Text Regurgitation aims to critique Large Language Models often unacknowledged but harmful decontextualization of language through the parody of text generation algorithms. Text Regurgitation is simultaneously a commentary on western education systems and knowledge production. Regurgitation refers to the act of bringing up something that has been previously swallowed or digested. In the context of information, regurgitation refers to the repetition of previously learned information without understanding it. Language models can not understand; they can only regurgitate without meaning, even if the produced text is seemingly coherent. 

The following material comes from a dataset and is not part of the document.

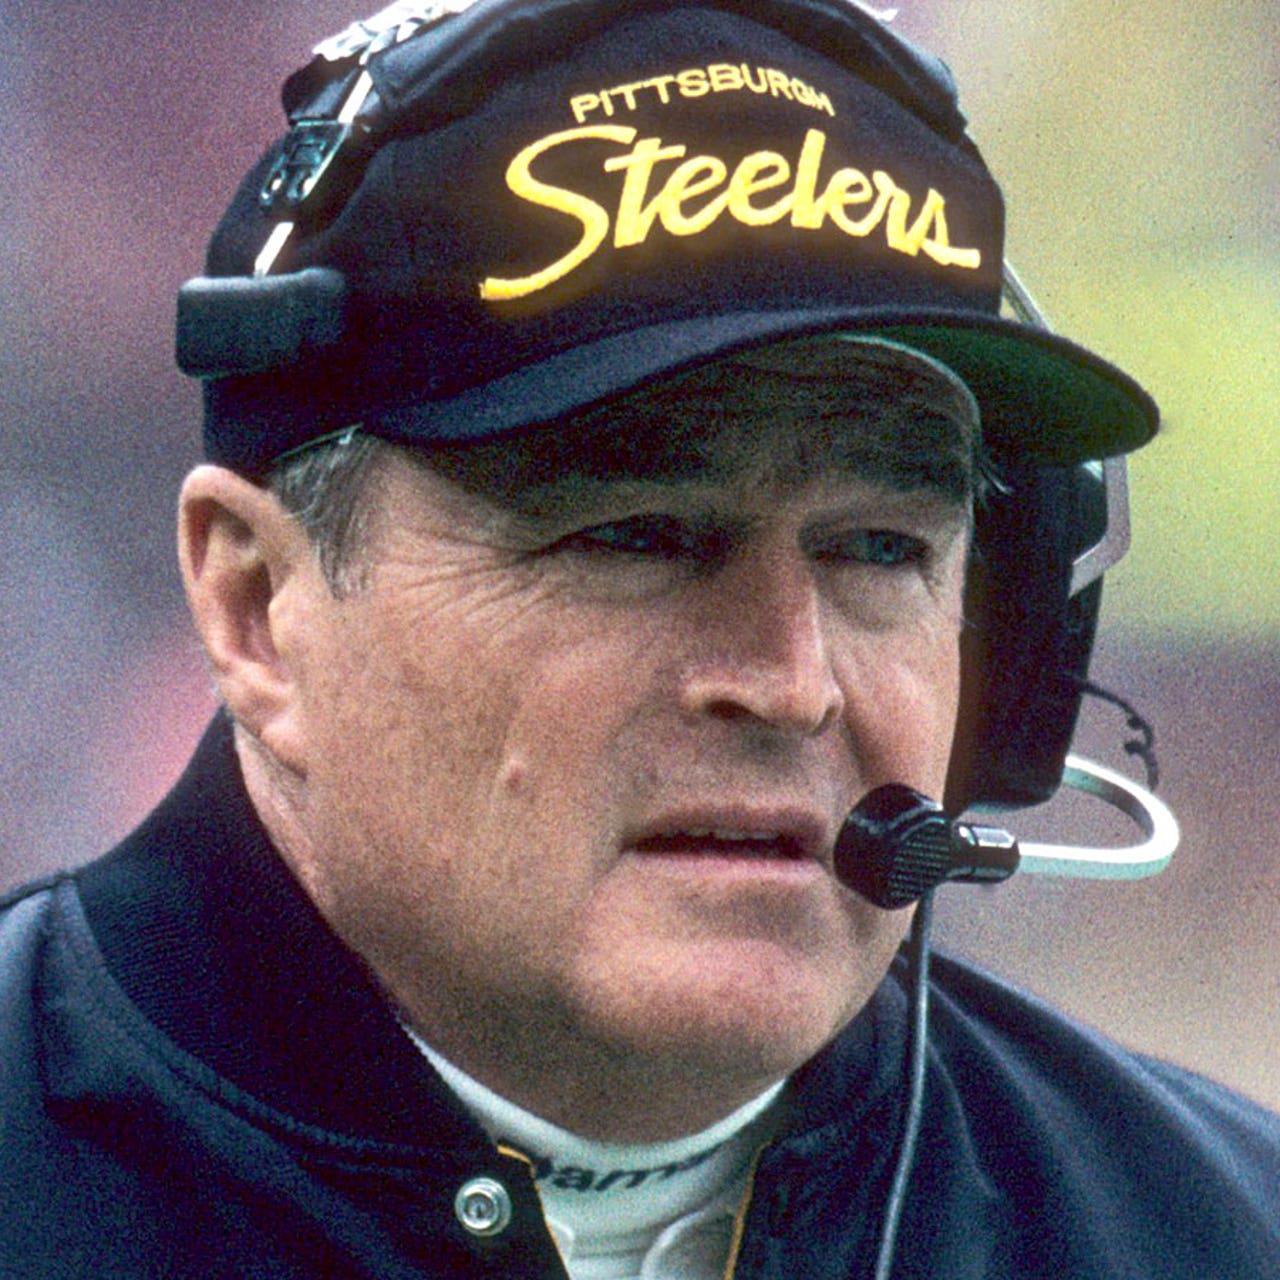 Hall of Fame Steelers coach Chuck Noll dead at 82 | FOX Sports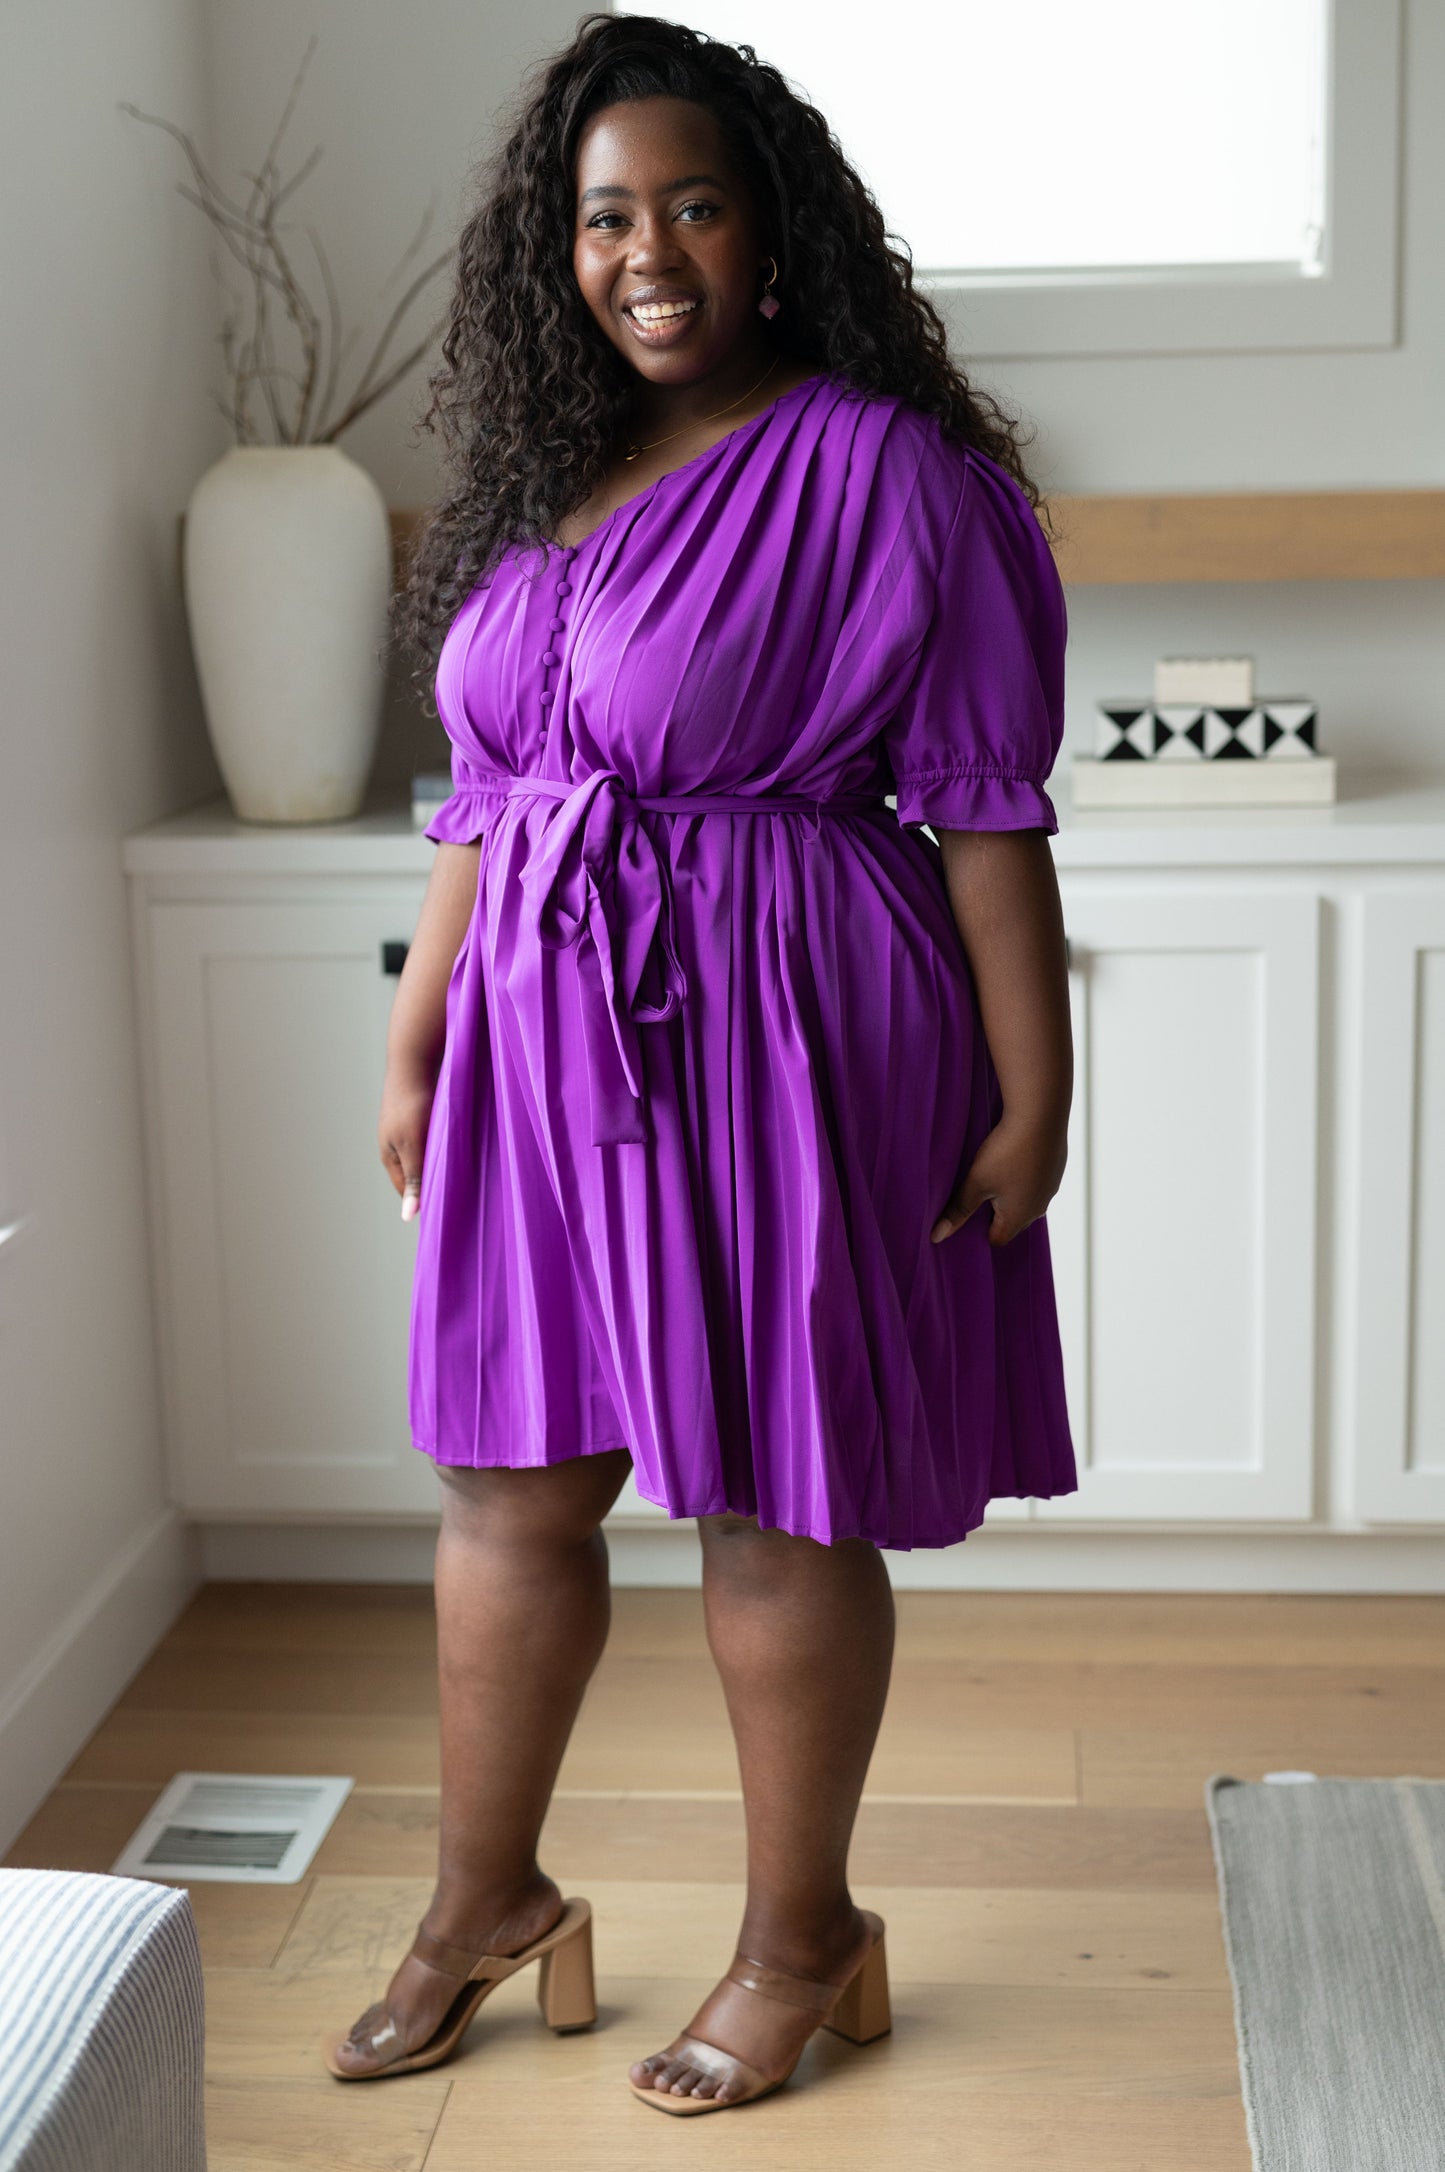 Hold And Squeeze Me Pleated Dress in Grape

The project takes the form of multiple receipts, each containing a "thesis." These theses have been generated intentionally without using Large Language Models. Instead, the text is generated using various functions that take inspiration from algorithms, some over 100 years old (see below). The text corpus was created from the assigned readings for the course "MA Internet Equalities" and the syllabus "Book of Units" itself. This is the repository for the code that generates the thesis with created text corpora. Example theses generated using this code are available in this repository as output.txt and in the folder theses.

About the Algorithms

░█████╗░███████╗░██████╗░  ░██╗░░░░░░░██╗██╗████████╗██╗░░██╗  ███╗░░██╗██╗░░░░░████████╗██╗░░██╗
██╔══██╗██╔════╝██╔════╝░  ░██║░░██╗░░██║██║╚══██╔══╝██║░░██║  ████╗░██║██║░░░░░╚══██╔══╝██║░██╔╝
██║░░╚═╝█████╗░░██║░░██╗░  ░╚██╗████╗██╔╝██║░░░██║░░░███████║  ██╔██╗██║██║░░░░░░░░██║░░░█████═╝░
██║░░██╗██╔══╝░░██║░░╚██╗  ░░████╔═████║░██║░░░██║░░░██╔══██║  ██║╚████║██║░░░░░░░░██║░░░██╔═██╗░
╚█████╔╝██║░░░░░╚██████╔╝  ░░╚██╔╝░╚██╔╝░██║░░░██║░░░██║░░██║  ██║░╚███║███████╗░░░██║░░░██║░╚██╗
░╚════╝░╚═╝░░░░░░╚═════╝░  ░░░╚═╝░░░╚═╝░░╚═╝░░░╚═╝░░░╚═╝░░╚═╝  ╚═╝░░╚══╝╚══════╝░░░╚═╝░░░╚═╝░░╚═╝

About the Context-Free Grammar with NLTK Algorithm

CFG (Context-Free Grammar) refers to a system that represents all possible strings in a given formal language. Symbols represent language in CFG, and NLTK is a platform in Python to work with human language data (often used in Natural Language Processing) that can represent language in symbols (Part-of-speech [POS] tag), among other functionalities.

ily = "I love you" 
ily_t = word_tokenize(ily) # -> ['I', 'love', 'you']
ily_td = nltk.pos_tag(ily_t) # -> [('I', 'PRP'), ('love', 'VBP'), ('you', 'PRP')]

PRP = "personal Pronoun"
VBP = "non-3rd person singular present forms"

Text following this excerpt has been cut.